# Word Embeddings

## Disclaimer: Material is credited to
+ [Stanford 224N's](http://web.stanford.edu/class/cs224n/slides/cs224n-2019-lecture01-wordvecs1.pdf) lecture on word embeddings


+ [Pat Coady's](https://github.com/pat-coady/word2vec) repo



+ [This](https://gist.github.com/aneesh-joshi/c8a451502958fa367d84bf038081ee4b) amazing github repo

# Word Representations

## How can we turn words into objects that a computer can process?

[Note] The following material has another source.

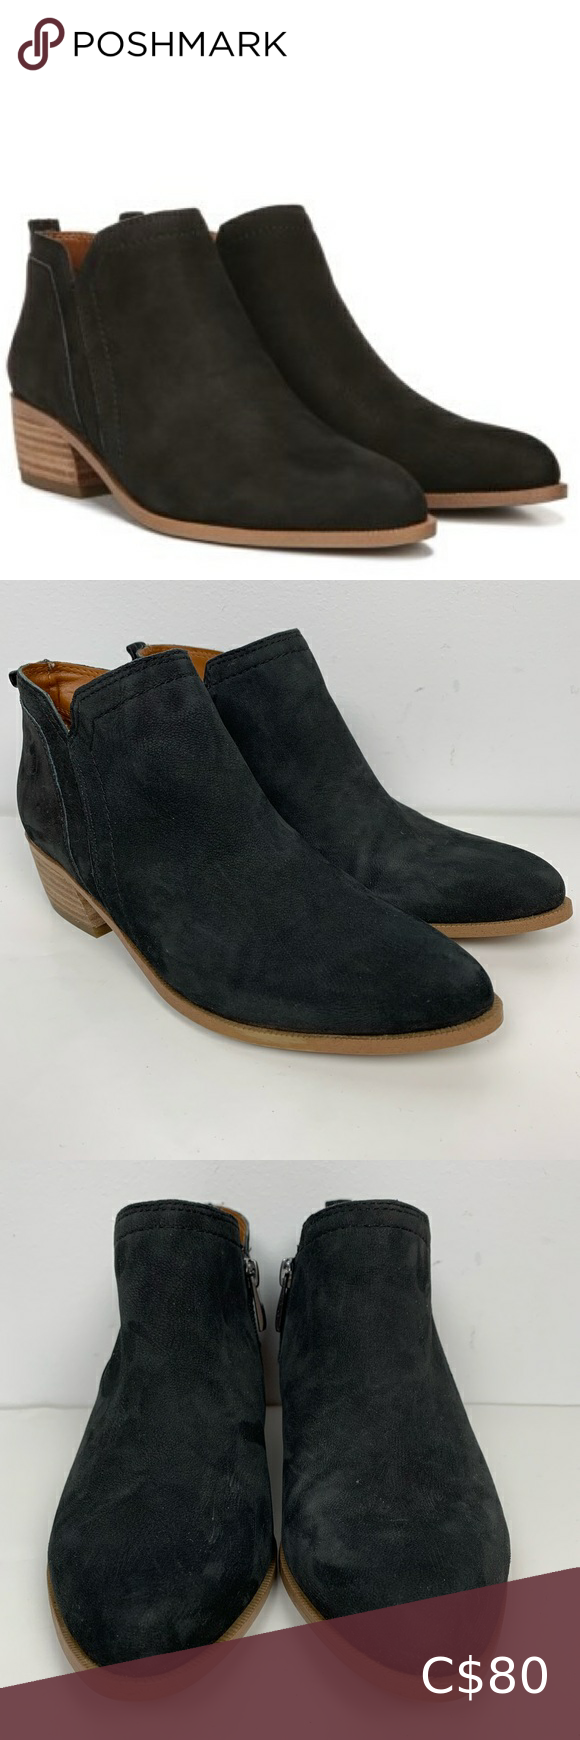 NWOT Franco Sarto Laslo Black Leather

## Words as discrete representations:
+ In traditional NLP, words are often represented as unique one-hot encoded vectors, e.g. cat = [0, 0, 0, 1], dog = [0, 0, 1, 0]
+ The length of these vectors is determined by the vocabulary size of the training data, i.e. how many unqiue words there are
+ The problems with this approach?
    - A lot of memory required to represent a large corpus, Need [V x V] matrix where V is the vocabulary size
    - These word vectors are sparse, most of the elements in the word vector matrix are 0
    - There is no natural measure of similarity between these word vectors,
        i.e. hotel = [0, 0, 1], motel = [0, 1, 0] are orthogonal vectors with similar meaning
    - **We want to encode similarity within the word vectors**
        
## Words as continuous representations
+ Distributional semantics is the notion that a word's meaning is given by the words that appear close by
+ “You shall know a word by the company it keeps” - J. R. Firth 1957
+ One of the most successful ideas of modern statistical NLP!
+ We will use dense representations of words so that it is similar to words that often appear in the same context
+ Example: cat = [0.3, 1.5, -0.4, 1.9]
+ With continuous representations, we can naturally measure similarity by using the dot product in the vector space formed by our vectors!
+ The length of the vectors in this case is a hyperparameter, so we only need a [V x D] matrix with D < V

In [None]:
!pip3 install requirements.txt

In [None]:
# import dependencies
import numpy as np
import tensorflow as tf
import data.dataloader as dataloader
import nltk

nltk.download('punkt')

# for deterministic results
tf.random.set_random_seed(1021)

assert (tf.__version__ == "1.13.1")

In [None]:
# download our data
!curl https://www.gutenberg.org/files/11/11-0.txt -o data/alice-in-wonderland.txt

# Word2Vec
+ In 2013, Tomas Mikolov at published [two](https://arxiv.org/pdf/1310.4546.pdf) [papers](https://arxiv.org/pdf/1301.3781.pdf) that shook the NLP community
+ Using a simple neural network, he demonstrated impressive results in the structure of learned word embeddings
+ We will be implementing a naive version of the skip-gram model

In [None]:
class Config:
    """Hyperparameters for the word2vec model
    """
    # embedding dimension
    emb_dim = 50

    # Training options.
    # The training text file.
    train_data = "data/alice-in-wonderland.txt"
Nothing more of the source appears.